Here's a sample of "repeat". Former VP Cheney writes America's 'not safe'. Democrats & Independents "repeat" questions to VP Cheney about his facts to deal with the threat ASAP. VP Cheney refuses to respond. Democrats & Independents "repeat" their calls for Hearings on the Hill with VP Cheney to "share" his Intelligenc about Nat'l Security. VP Cheney have no proof just his thoughts. MSM reports VP Cheney had no proof, just thoughts. Dems & Independents "repeat" question of why VP Cheney wrote thoughts to scare America. Hmmm. Follow where this leads? Works for us - wink, wink. LOL.
See, Dems. could do what Republicans do, huh? It's not true, but hey it makes great tv. MSM would run around in circles on this 'made-up' falsehood for about three days. And, Air America turns into a "hot" comodity instead of a caving victim. Hmmm, works for us - LOL.
How many hours are in your day? Does all of everything add up to 120% where you live?
If Rupert Murdoch hadn't sunk hundreds of millions in keeping Fox News on the air for years when it had atrocious ratings and horrendous ad revenues, Fox would have gone under, too. (Don't worry about Rupe -- he recouped it all and then some.) And if Clear Channel hadn't bought up so many AM radio stations across the nation and programmed them with wall-to-wall conservative talk, Rush and his ilk would have little influence.
The fact is, corporations invest heavily in right-wing media because it benefits their bottom line -- they receive massive tax breaks, deregulation and other concessions from Republicans they wouldn't get from liberals and you know who pays for it eventually? You, me, and anyone else who isn't wealthy.

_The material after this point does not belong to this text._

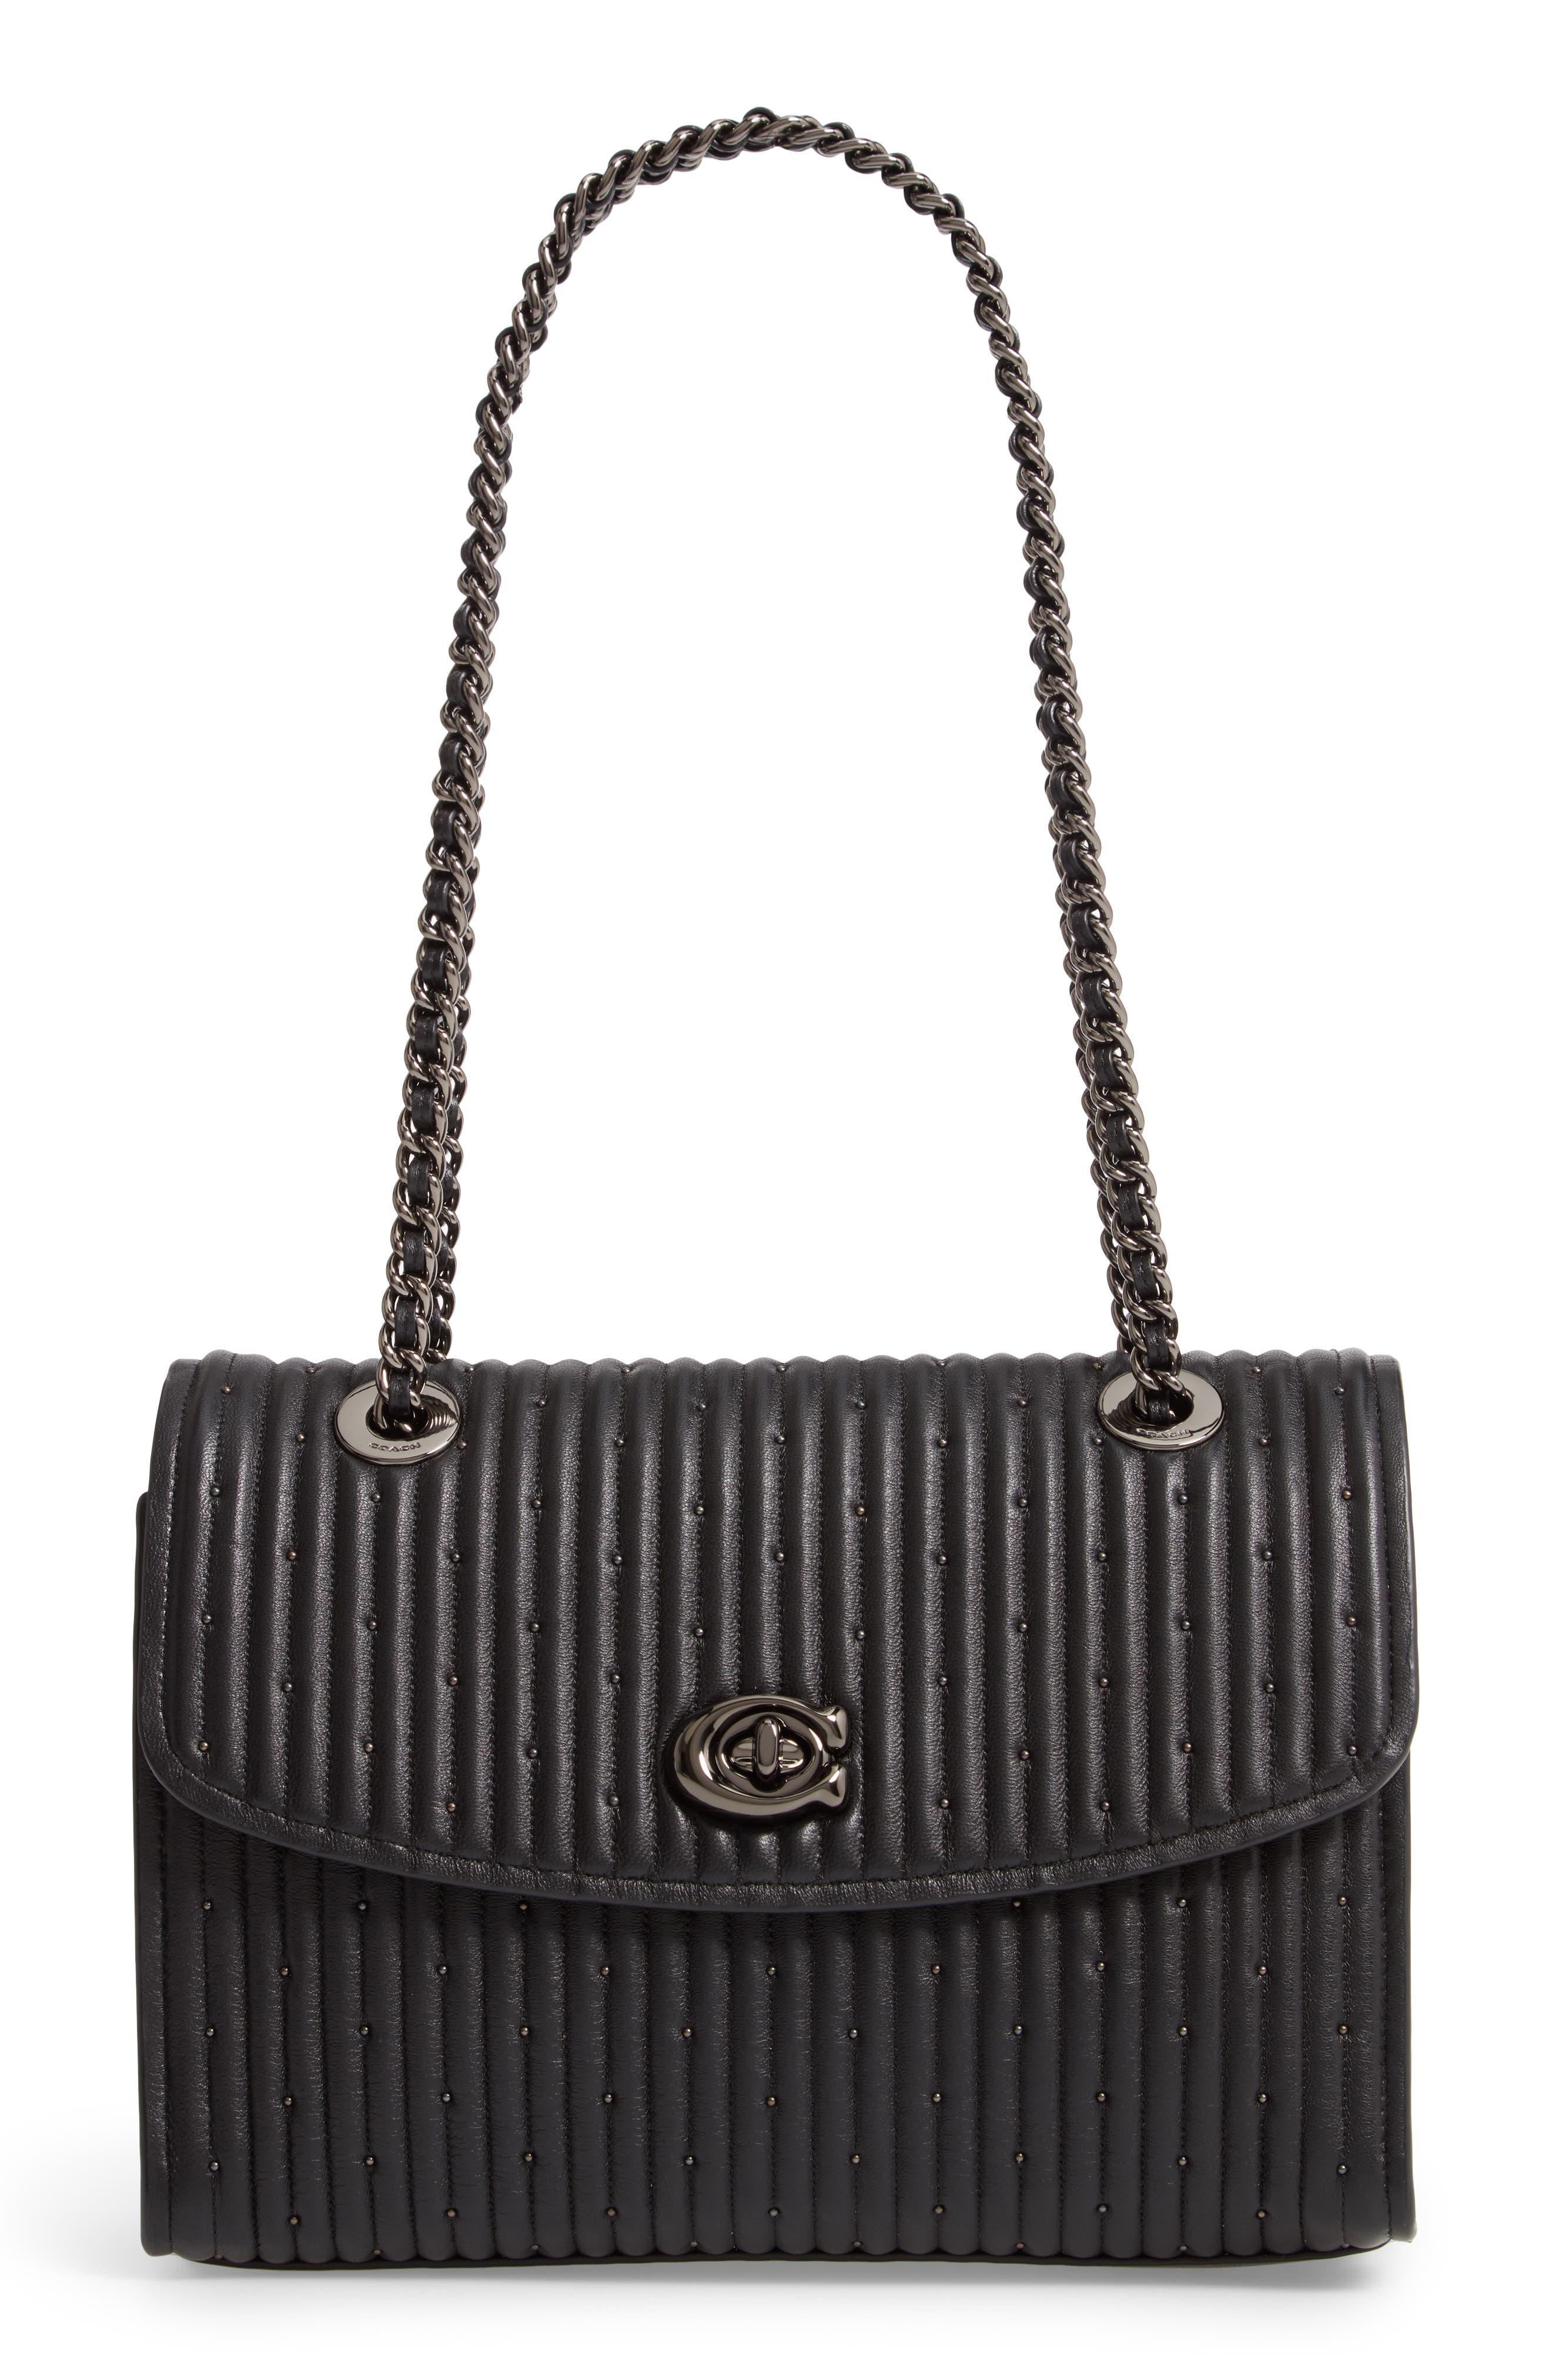 COACH, Parker Quilted Leather Shoulder Bag, Main thumbnail 1, color, BLACK

If they took more care in presenting the issues and trying to explain them to the public, we would have a much better informed public that was not so easily led by the likes of Beck. We also would have a much more informed media.
Instead we have this shallow, sensational chasing, drama inducing nonsense that passes for the news.
Unfortunately, we seem to have a public that is not capable understanding the issues. I blame that on a lot of factors - schools that don't teach people how to think and reason, a media that trains us to only listen to sound bites, a lifestyle that emphasises fast and easy over substantive . . .
Here's one SIMPLE example.
FACT: America wants and support health care reform.
MYTH: America wants the destruction of health care as in obama-care. GET real, suggest real reform... I know you all don't want to hear it so I'll say it again....
1. Tort Reform
2. Award caps.
3. fund medicare at the current levels
4. interstate purchase of insurance (competition)
*NOTE* 40% of the health insurance providers are NON-PROFIT.
That's just a start. go for no denial due to pre-existing conditions, go for no cancellation... all these things are a start. buying off Nebraska has no place in health care...pathetic...
But you did make a great troll post - trying to derail the thread from the actual topic. How to solve the healthcare insurance crisis our nation faces is not the topic.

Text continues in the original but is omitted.